### Brief
Transcribe everything in the listing as written, and let no image into the copy.

### Collected material
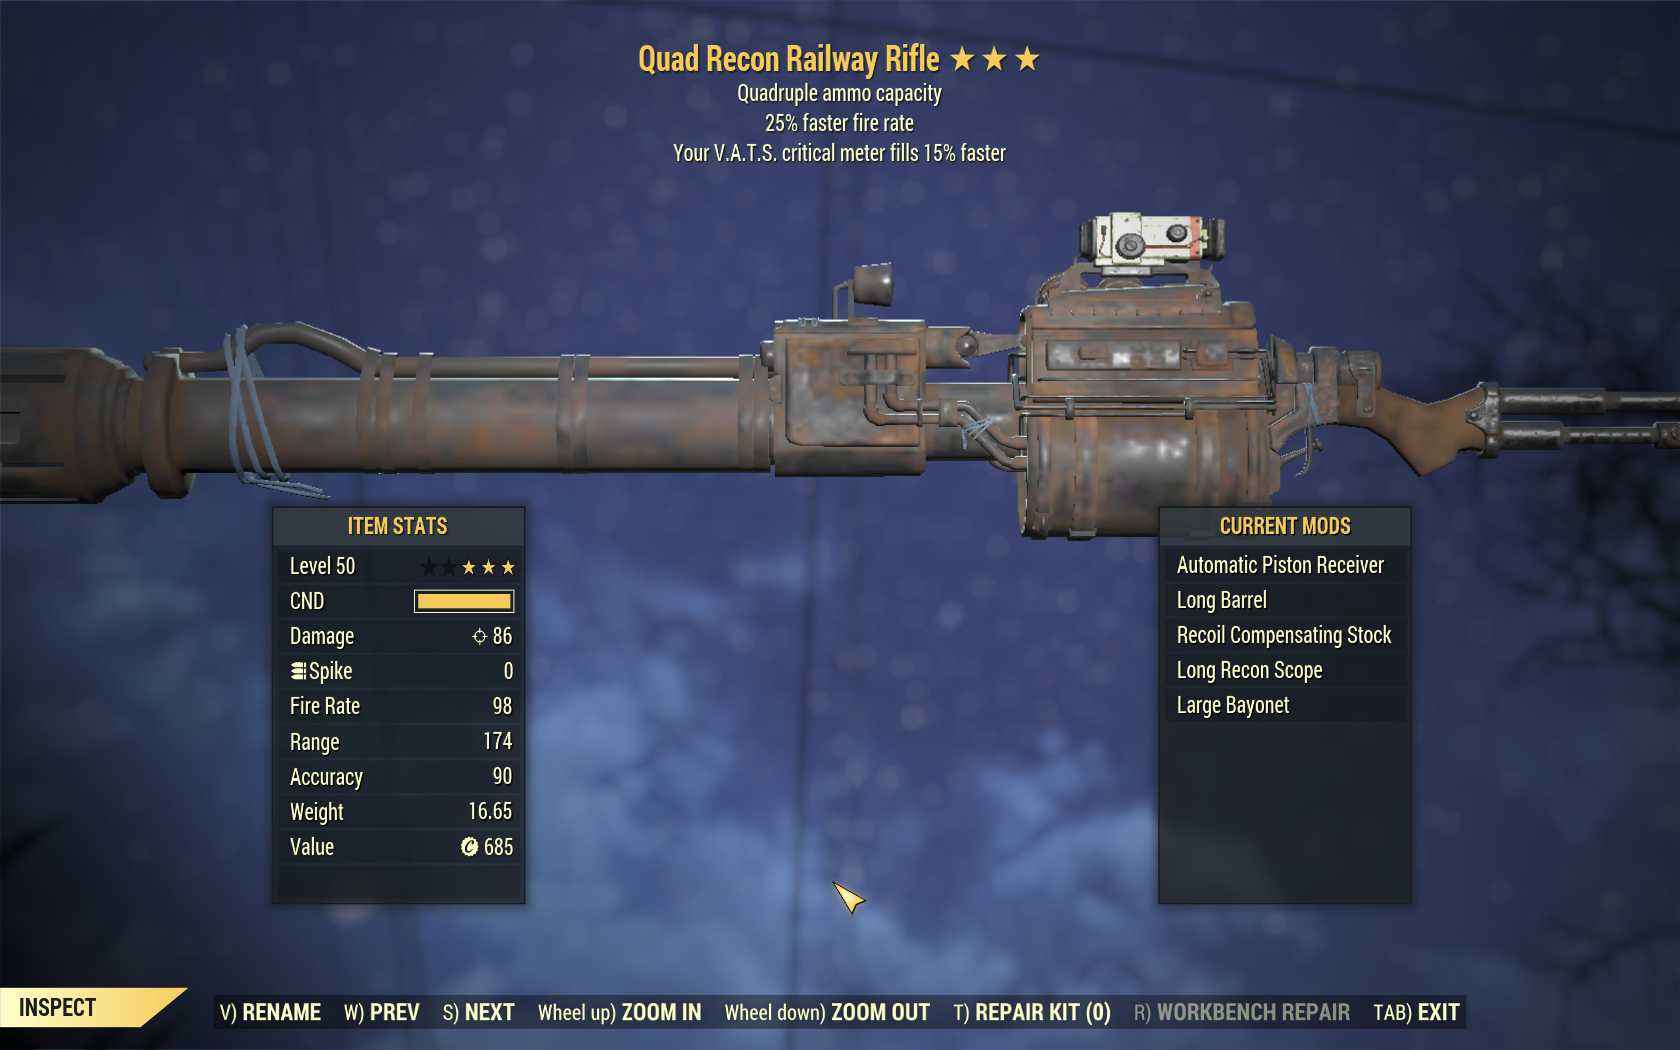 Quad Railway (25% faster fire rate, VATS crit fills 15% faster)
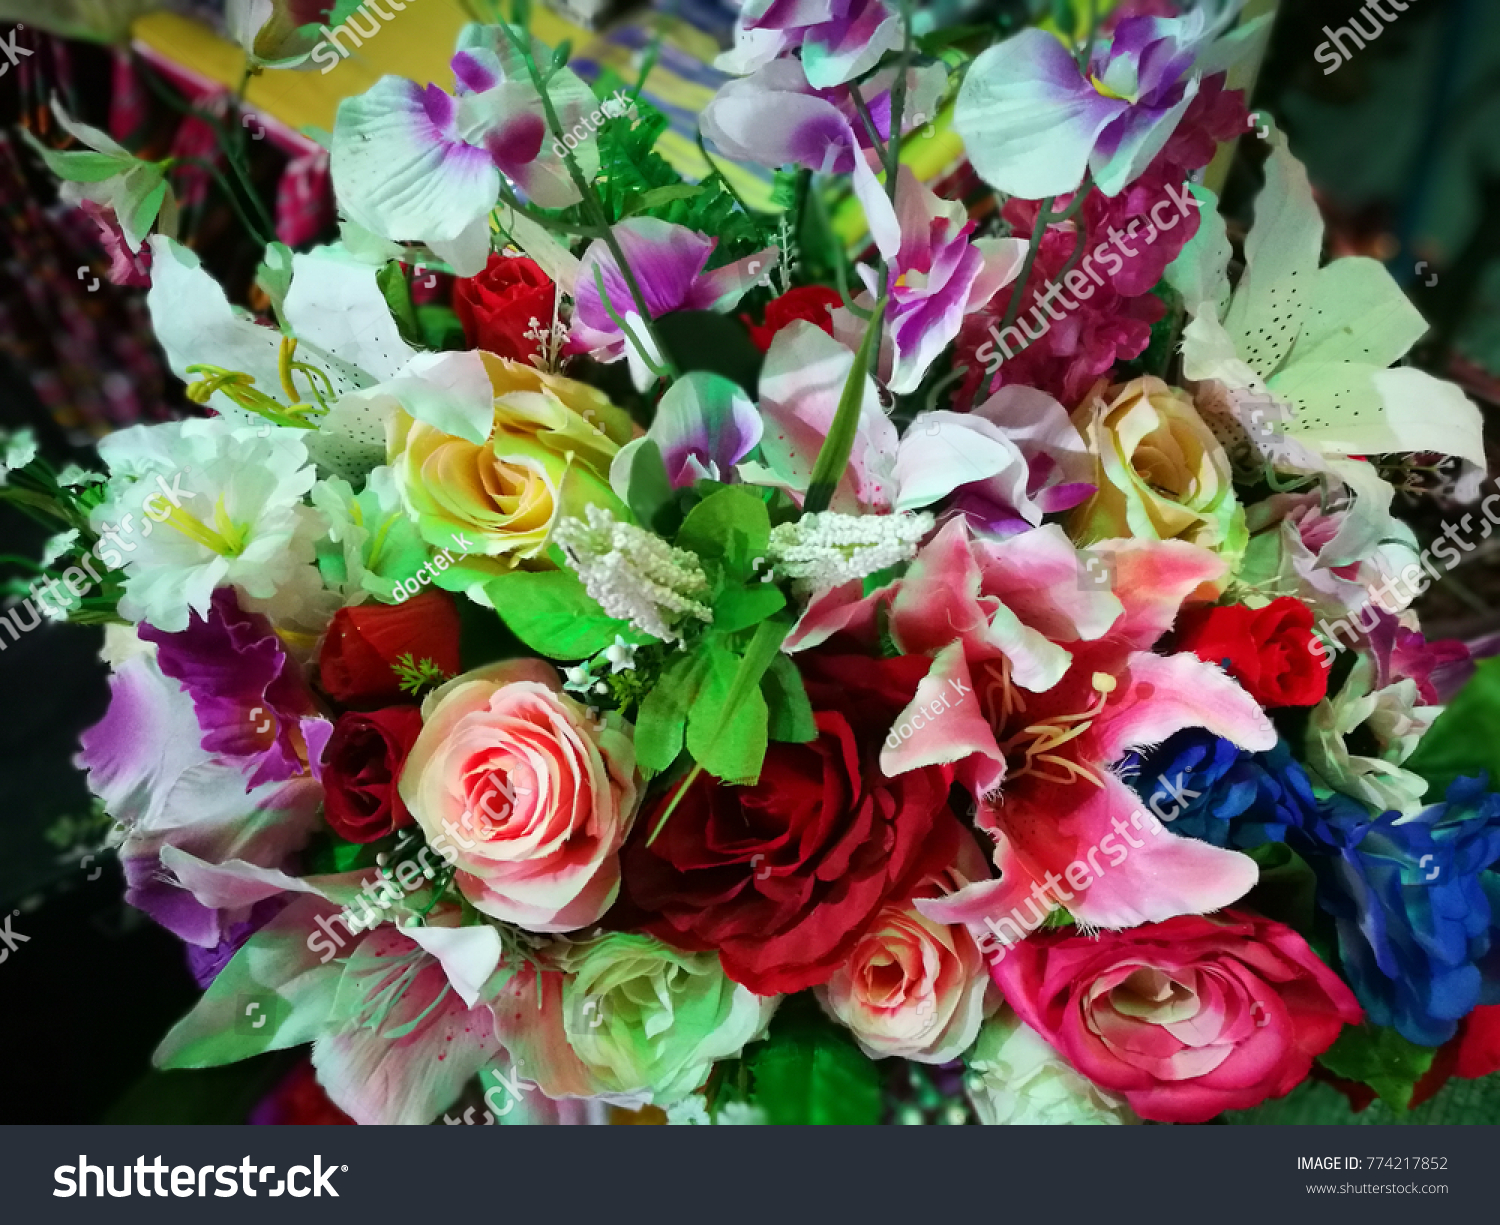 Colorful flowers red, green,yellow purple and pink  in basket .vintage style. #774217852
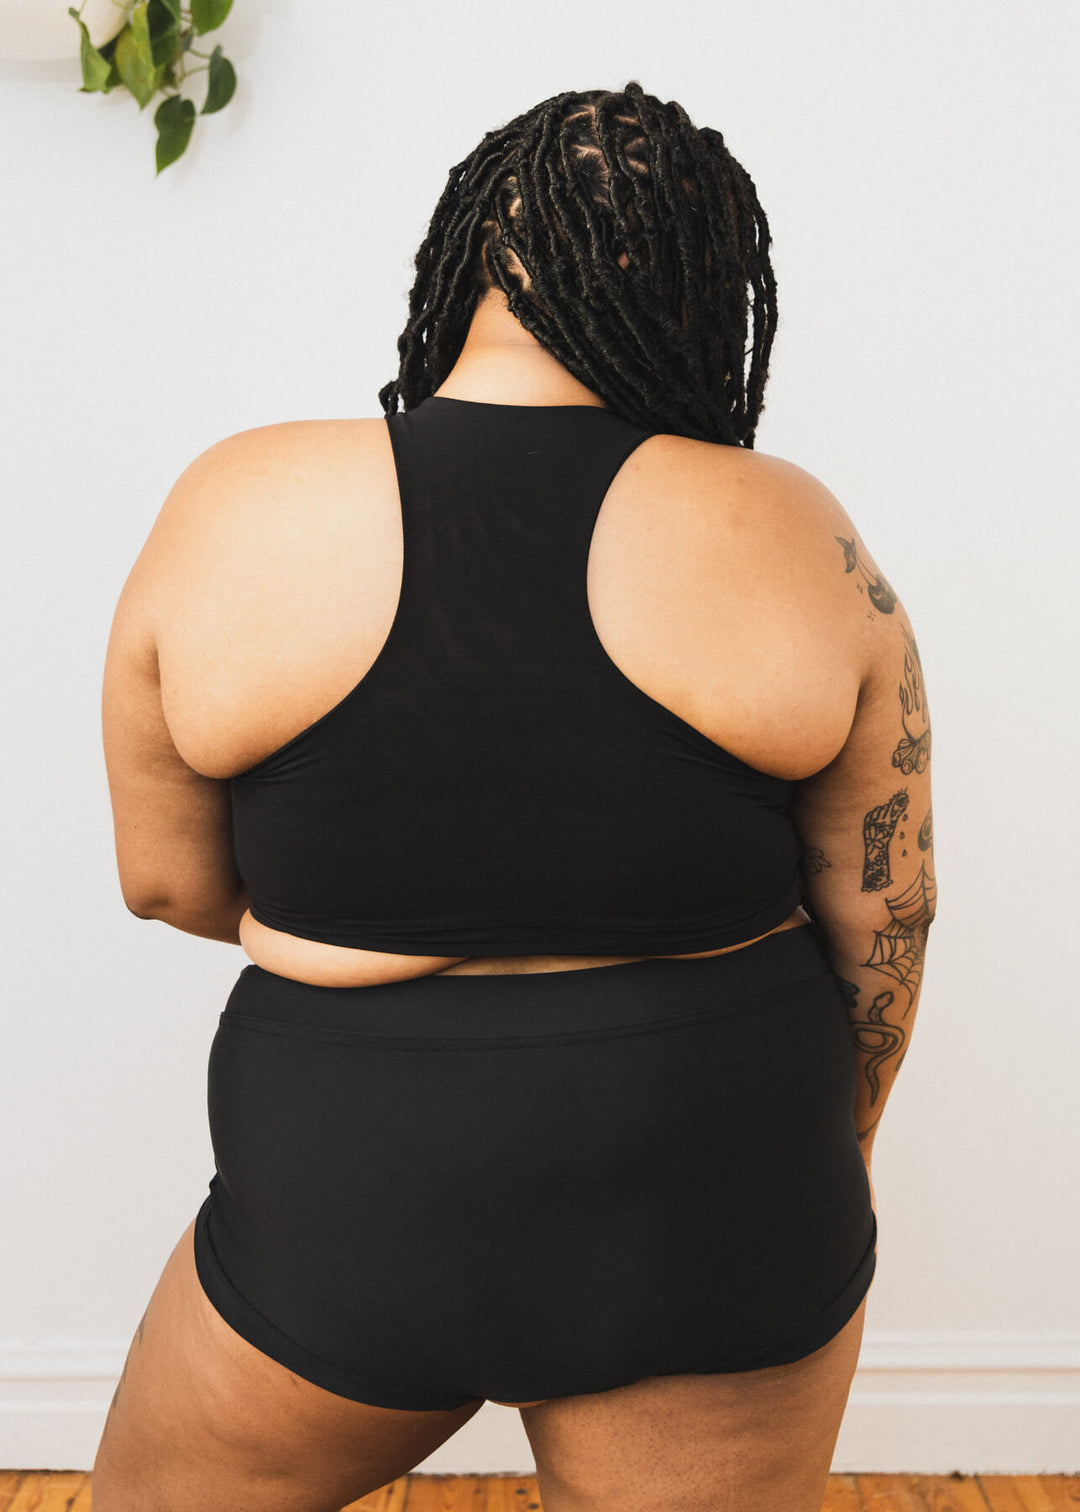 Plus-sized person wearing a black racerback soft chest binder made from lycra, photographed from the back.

### Finished task
 Quad Railway (25% faster fire rate, VATS crit fills 15% faster)
 Colorful flowers red, green,yellow purple and pink  in basket .vintage style. #774217852
 Plus-sized person wearing a black racerback soft chest binder made from lycra, photographed from the back.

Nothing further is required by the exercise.